Dublado: Ela parece menor da idade dela, ...?

Resposta: Não sei.  Eu só vejo rostos.

A transcrição mostra que o réu negou ao informante o que lhe foi atribuído e até expressou o desejo de confrontar o reclamante.  No entanto, várias declarações do réu despertaram algumas suspeitas contra ele, principalmente sua resposta à pergunta se ele era uma garota russa ou israelense e que via "apenas um rosto".  Além disso, parece que o réu tem cabelo saindo das orelhas e ele confirma que fitas pornográficas foram coletadas em sua casa.

De acordo com a declaração escrita pelo informante, ele tinha a impressão de que havia adquirido o trust do Recorrido.  Segundo o informante, o réu lhe contou sobre o interrogatório e disse que "no início havia bons interrogadores que disseram que na verdade foi a vítima [o estuprador – Y.A.] quem se comportou bem com a garota.

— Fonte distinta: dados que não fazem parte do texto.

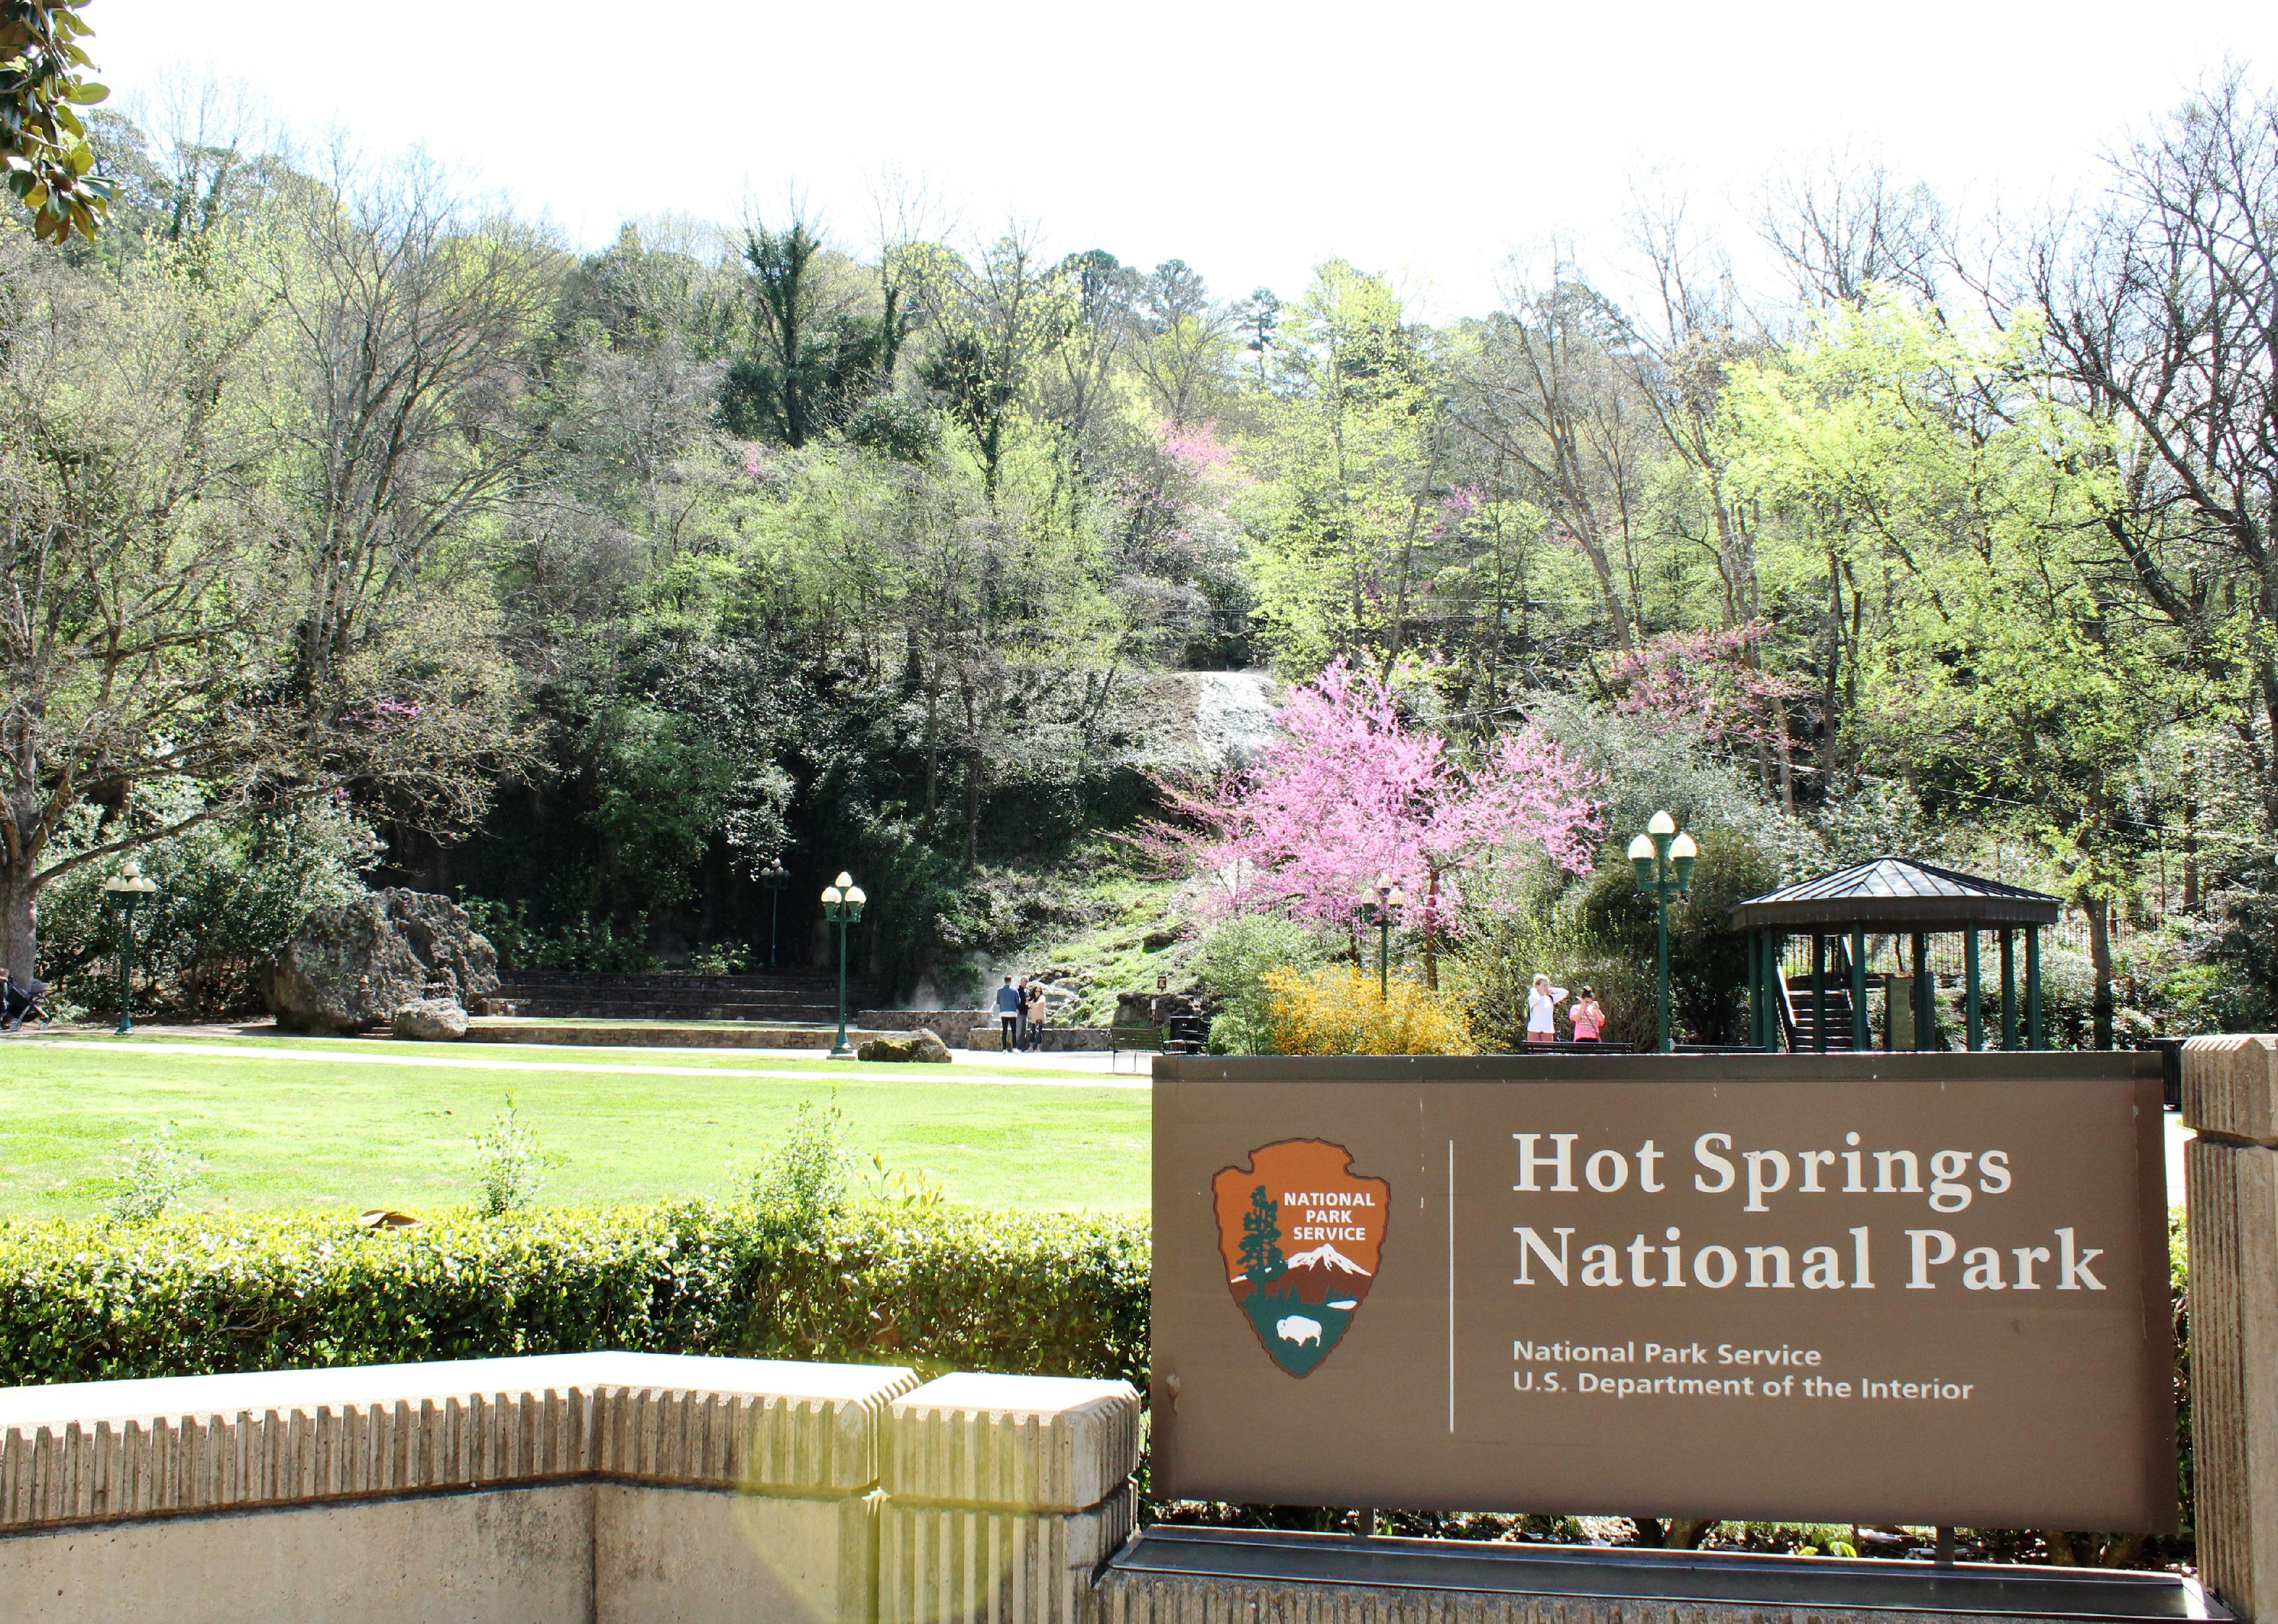 Sign in foreground greets visitors to Hot Springs National Park.

E pensei em admitir porque é só Pozzi Muzzi, mas minha mãe não queria que eu admitisse [Assim, no original – Y.A.]."  Essa transcrição do informante distorce as palavras e contradiz a transcrição da conversa, da qual ela claramente se desenvolve Que o informante Foi ele quem disse ao réu: "Você deveria terminar, Thorns, é uma questão de condição, ou multa..."

  1. Na tarde do mesmo dia, o réu foi levado para novo interrogatório, desta vez pelo Sargento-Mor Effi Desta [entre parênteses: não está claro por que o Sargento Desta achou necessário realizar um interrogatório e preencher um memorando, em vez de coletar um aviso de ordem do réu]. Desta escreveu no memorando que o réu disse que não tinha nada a acrescentar, que só decidiria após conversar com um advogado, e foi respondido pelo Sargento-Mor Desta "que não está sujeito a negociações, ele deve fornecer detalhes detalhados e corretos sobre o que foi perguntado no interrogatório."  Posteriormente, foi escrito que o réu foi questionado sobre o que temia e por que estava negando, e na resposta, de acordo com o que foi declarado no Memorando de Entendimento, o réu respondeu "Quem acreditaria que essa é a primeira vez?".  O interrogador respondeu que acreditava nele e, então, segundo o interrogador, o respondente "respondeu inesperadamente com um pânico tão grande que eu não digo se eu simplesmente digo que foi assim e ele cedeu e ficou em silêncio novamente."

Nesse momento, o réu foi chamado para a primeira extensão da detenção.